*PROBLEM DETAILS*: Print the data below exactly as it stands, and keep the pictures out.

*DATA PROVIDED*:
*** Begin section ***

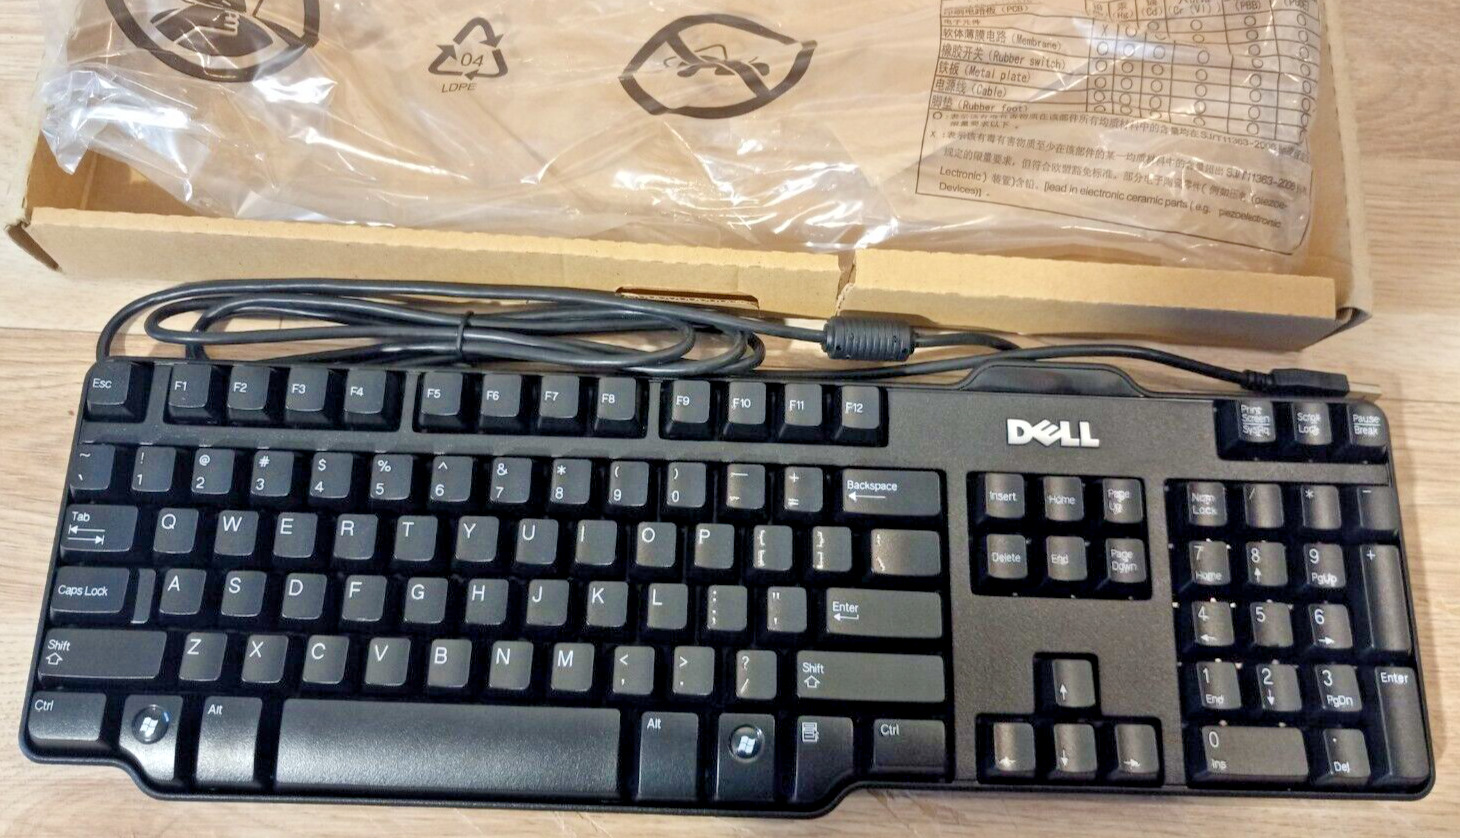 Dell SK-8115 ODJ331 Black Ergonomic 104 Keys USB-Wired Keyboard
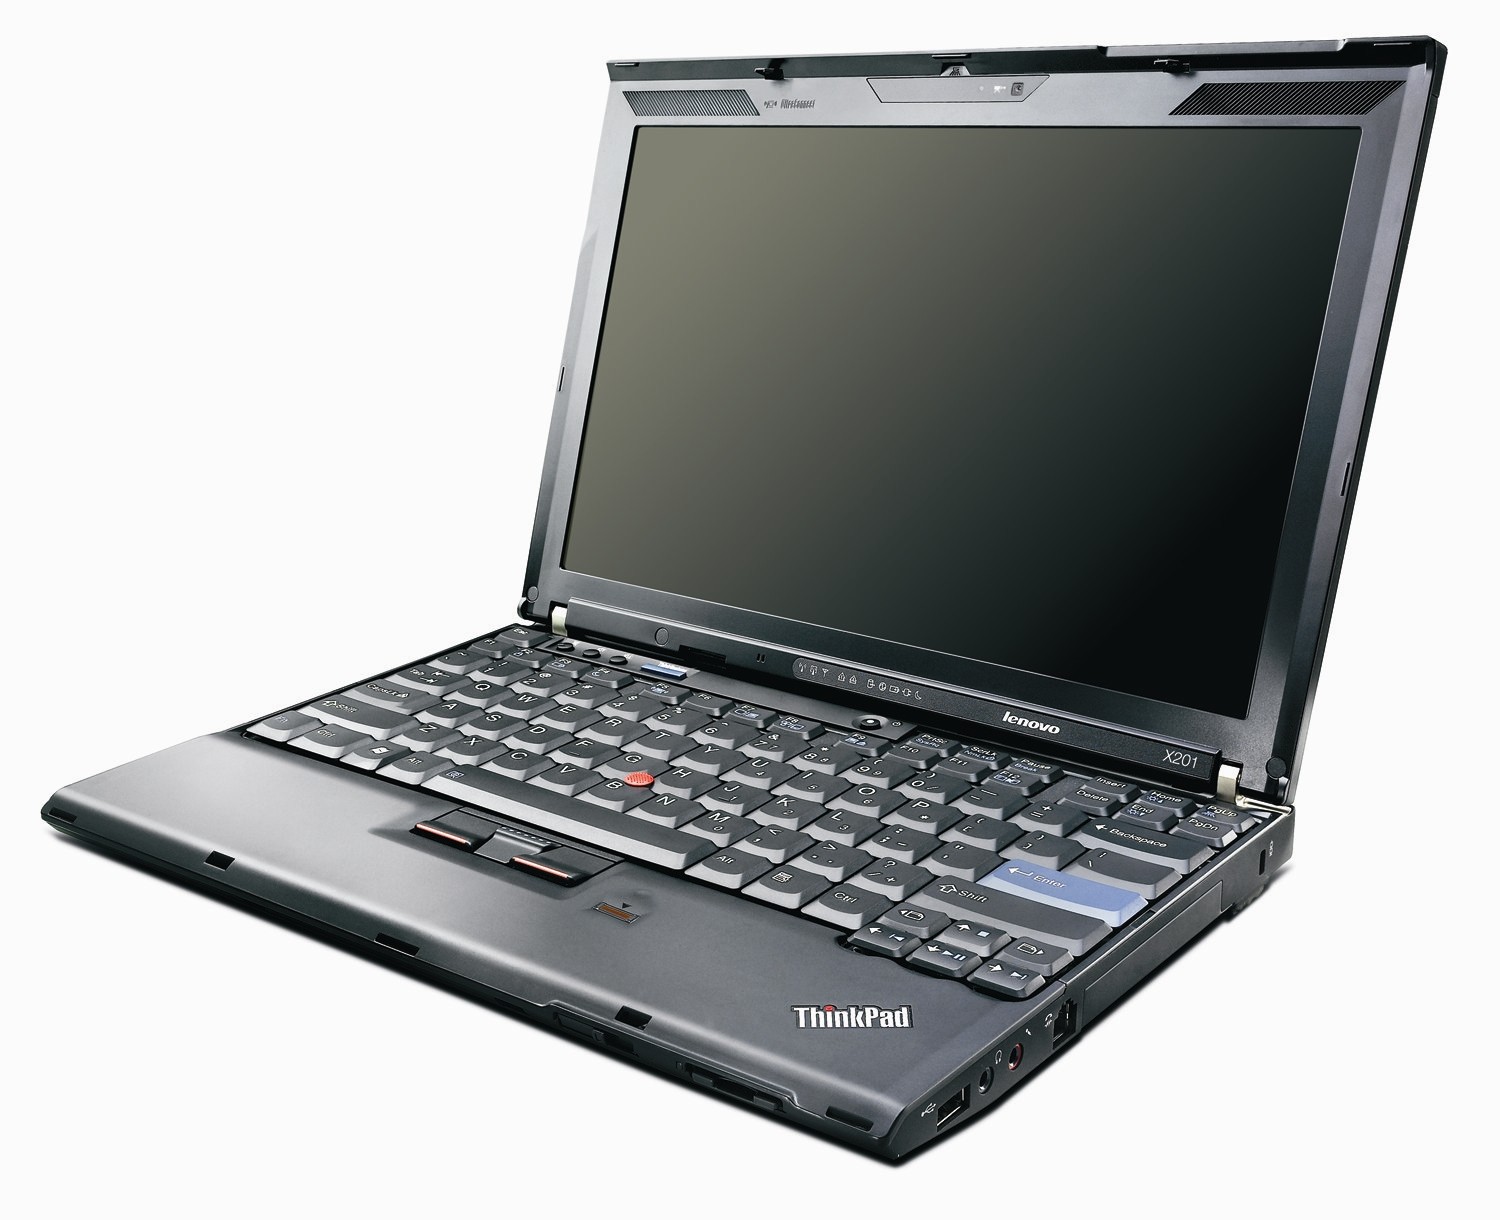 Lenovo ThinkPad X201 (ve variantě bez touchpadu), zdroj lenovo.com
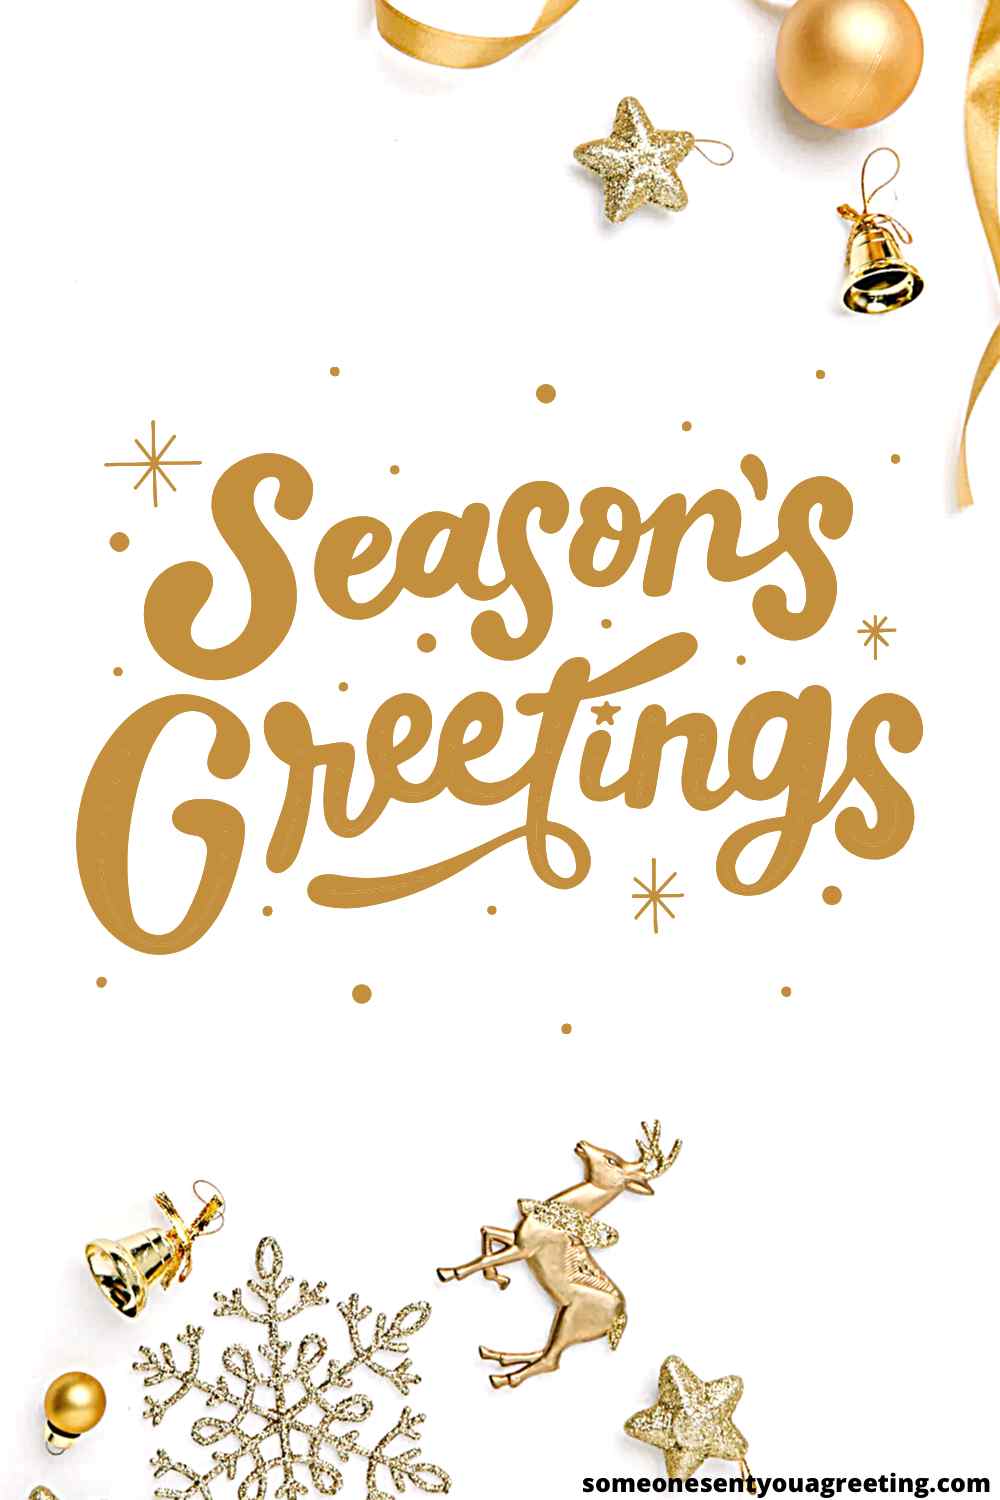 season's greetings message
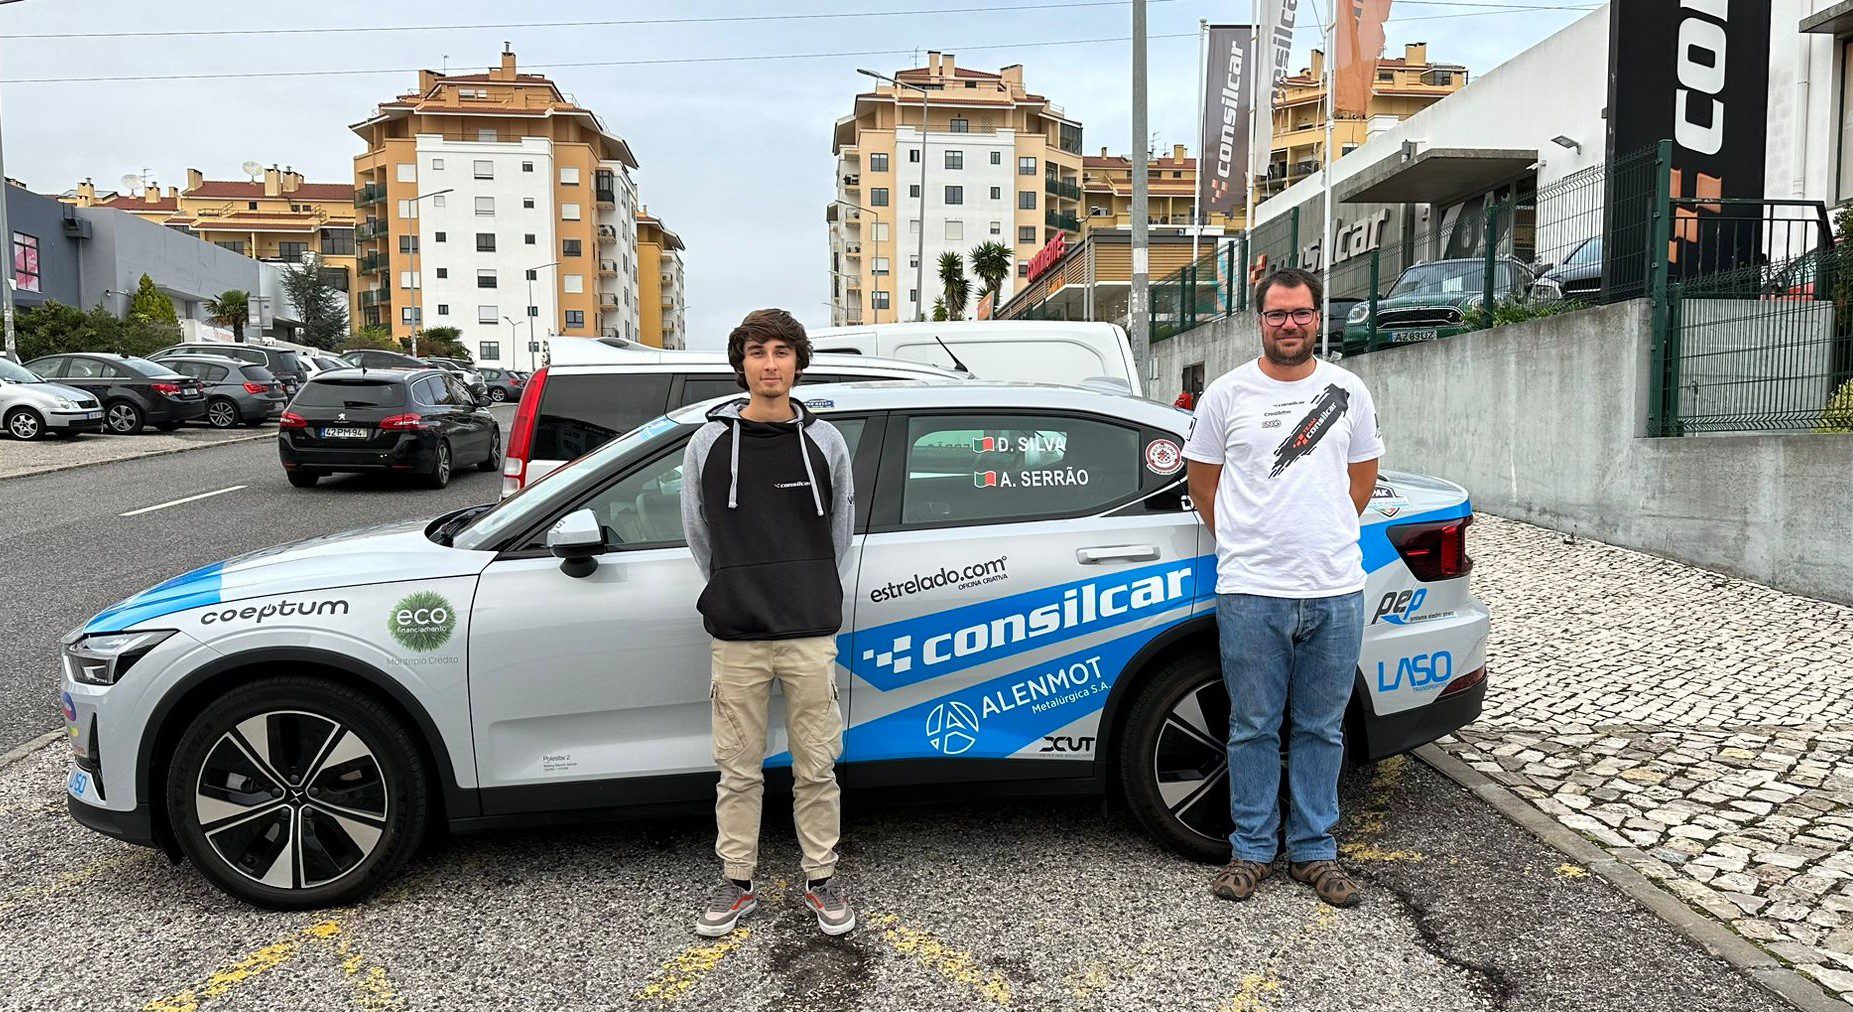 Team Consilcar sobe ao pódio no Camélias Classic Rally

*** End section ***

*RESULT OF THIS TASK*:
 Dell SK-8115 ODJ331 Black Ergonomic 104 Keys USB-Wired Keyboard
 Lenovo ThinkPad X201 (ve variantě bez touchpadu), zdroj lenovo.com
 season's greetings message
 Team Consilcar sobe ao pódio no Camélias Classic Rally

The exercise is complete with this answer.